Les déformations engendrées par la chaleur sont plus importantes sur le béton mais ceci n'entraîne pas de
ruine de l'élément. En revanche, le plâtre se fracture et s'effondre sous son propre poids. Ce phénomène est la
cause principale de la limitation de la tenue au feu du plâtre lors des essais normalisés.
V . CONCLUSION
La nature fortement hygroscopique des copeaux de bois empêche leur utilisation directe en tant que granules
légers dans les bétons. Une pré humidification s'avère indispensable et permet l'hydratation de la base
cimentaire. Nous avons montré qu'un traitement supplémentaire de ces copeaux au silicate de sodium
améliorait la liaison pâte granulat et, par là même, les résistances mécaniques du matériau. Elles sont
augmentées de 10 à 20% sans variation de la masse volumique de ce béton léger.

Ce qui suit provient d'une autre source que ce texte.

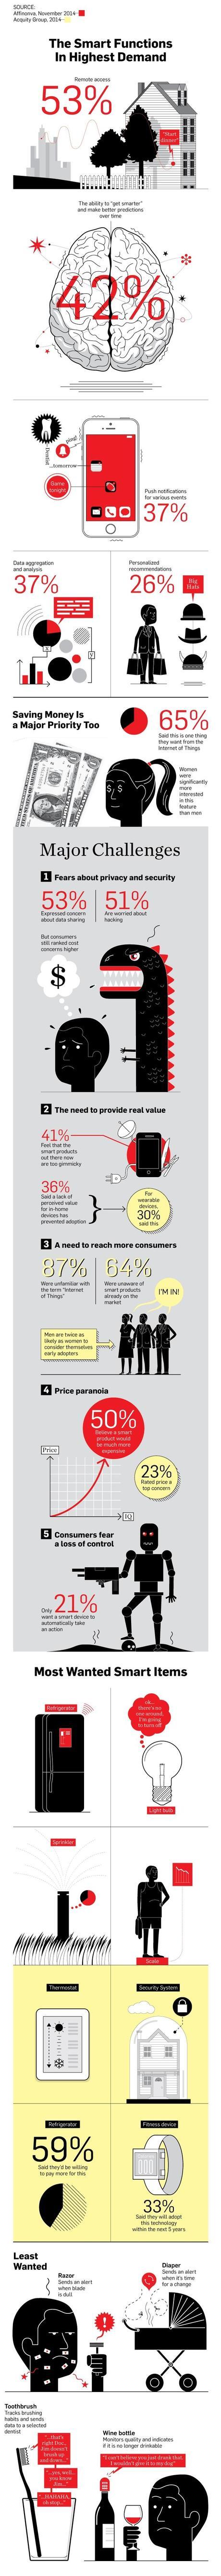 Consumer Views on the Internet of Things Infographic

L'utilisation de ce matériau en tant que solution coupe feu présente, par rapport au plâtre habituel,
l'inconvénient d'avoir une faible chaleur latente mais à l'avantage de rester stable mécaniquement pendant
toute la durée de la chauffe.
Les premiers résultats de vieillissement aussi bien en salle humide qu'en salle sèche, laissent présager un
comportement durable de ce type de matériau.
Les observations microstructurales réalisées sur les échantillons chauffés semblent montrer une protection
partielle de la matrice cimentaire par les copeaux mais ces essais mériteraient d'être confirmés.